If you caught my tweets last month, you may have noticed that I noted that my Sky+ box was generating copy protection signals preventing my DVD recorder from recording the episodes of Star Trek from Virgin One and Bravo. Without going into huge amounts of detail, I figured that any time a “What’s on next” caption appeared and occasionally during advert breaks, a Macrovision-like signal was issued causing my DVD recorder to stop recording.

Whatever you may be thinking, I believe that I am entitled to record these episodes for a number of reasons. Firstly, I don’t have time to watch them live – I have a day job, a wife and a kid, time is in short supply. Secondly, the Sky+ hard drive is woefully small at 160GB, of which we get 80GB of personal space, whoopee (yes, I will be doing something about that later). Thirdly, I am simply recording what I would have watched anyway, I’m not recording it to keep per say…I’m happy to buy the DVD boxed set for that. And to be honest, Star Trek is *all* that I watch via Sky, all other programmes I could get via Freeview (if we had a decent signal where I live, moot point).
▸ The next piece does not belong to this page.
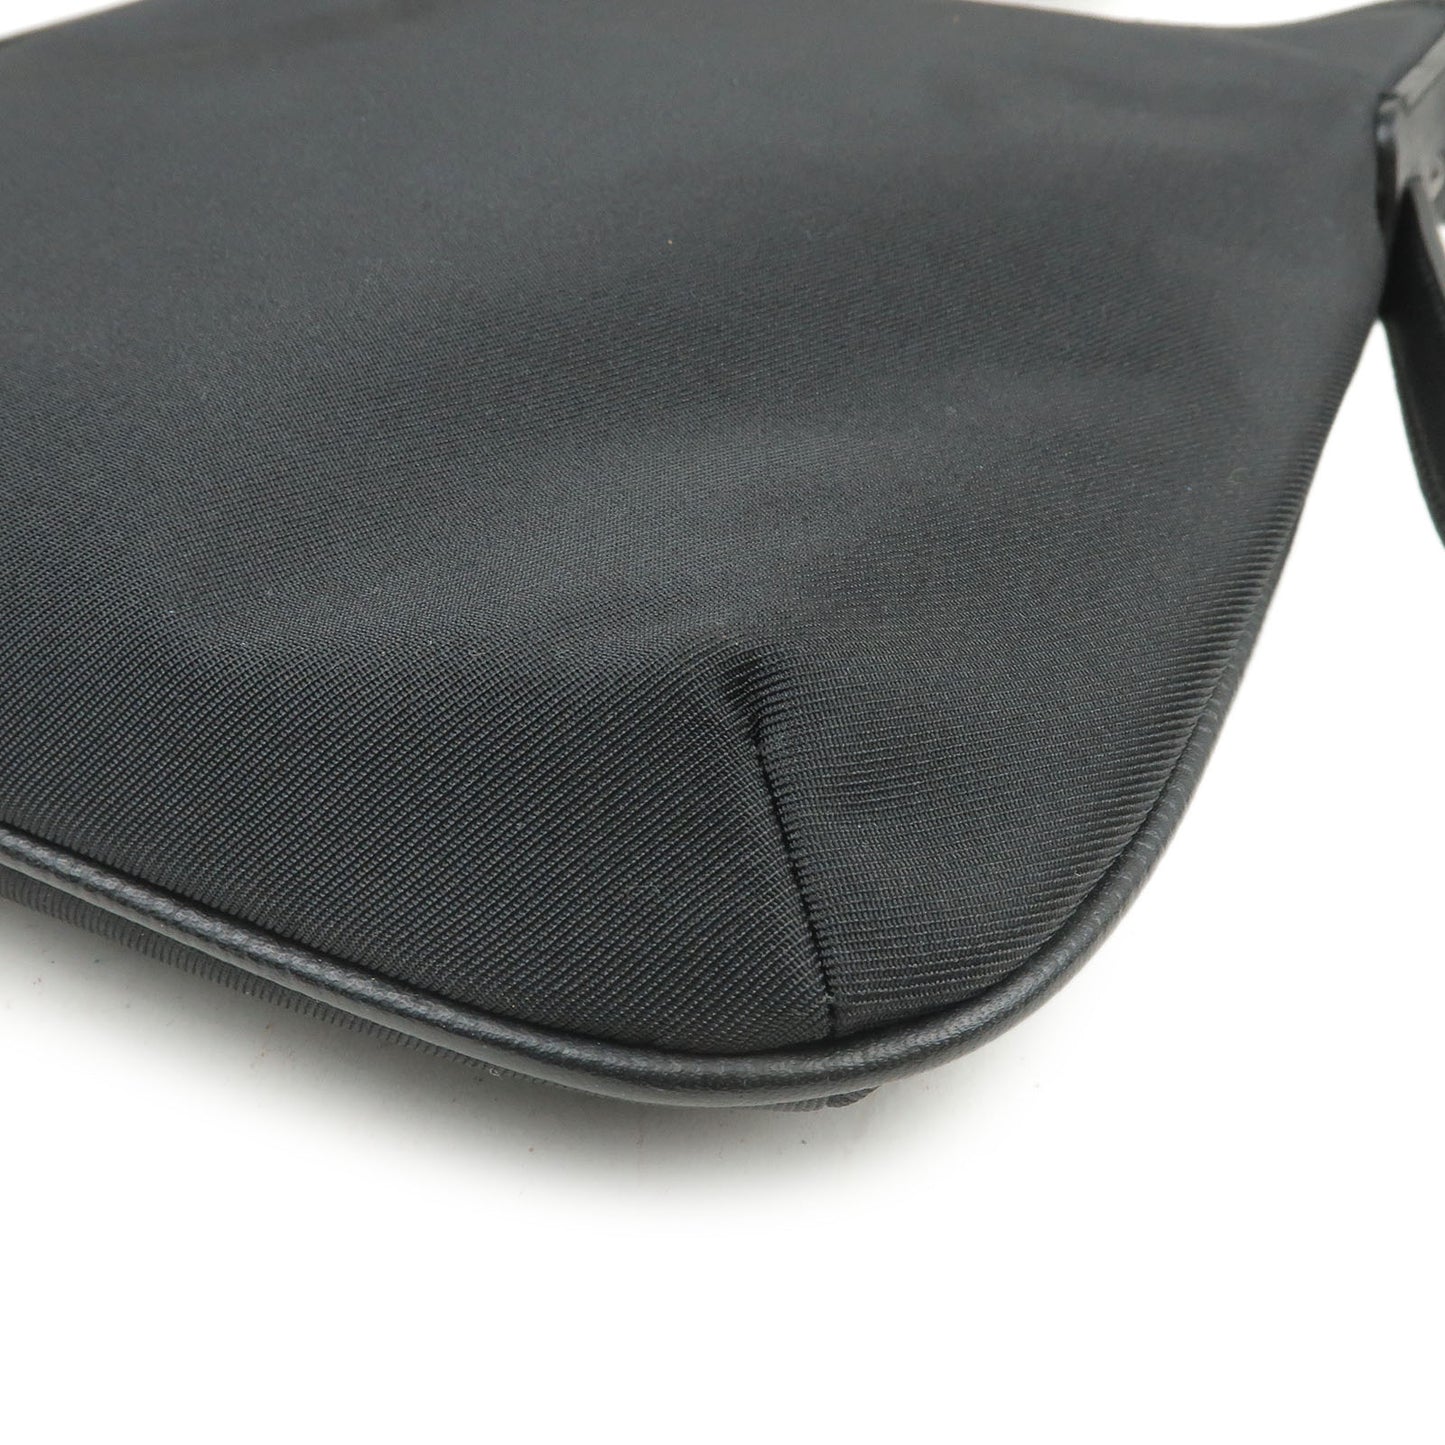 BURBERRY Nova Plaid Nylon Canvas Leather Shoulder Bag Beige

Courtesy of Liam Westley, today’s copy of the Guardian carried this article by George Cole. Sky could be so good for you…I don’t think so (sorry, couldn’t resist that, Gary!) This explains a lot.

In my humble opinion this is a huge FAIL for Sky. I had even gone to the lengths of buying one of these cables in order to normalise the signal from the Sky+ box to the DVD recorder. Sadly that cable failed miserably, dead on arrival…now I’m embroiled in the returns and refund process, more hassle…all thanks to Sky.

I will of course be testing the COPY feature again this month. However in the meantime, I have some 20+ episodes of Deep Space Nine to catch up on…and I can’t dump them to DVD as I have been doing most nights for the last 8-9 months. Yes, I do have 100+ DVDs chock full of Star Trek to catch up on!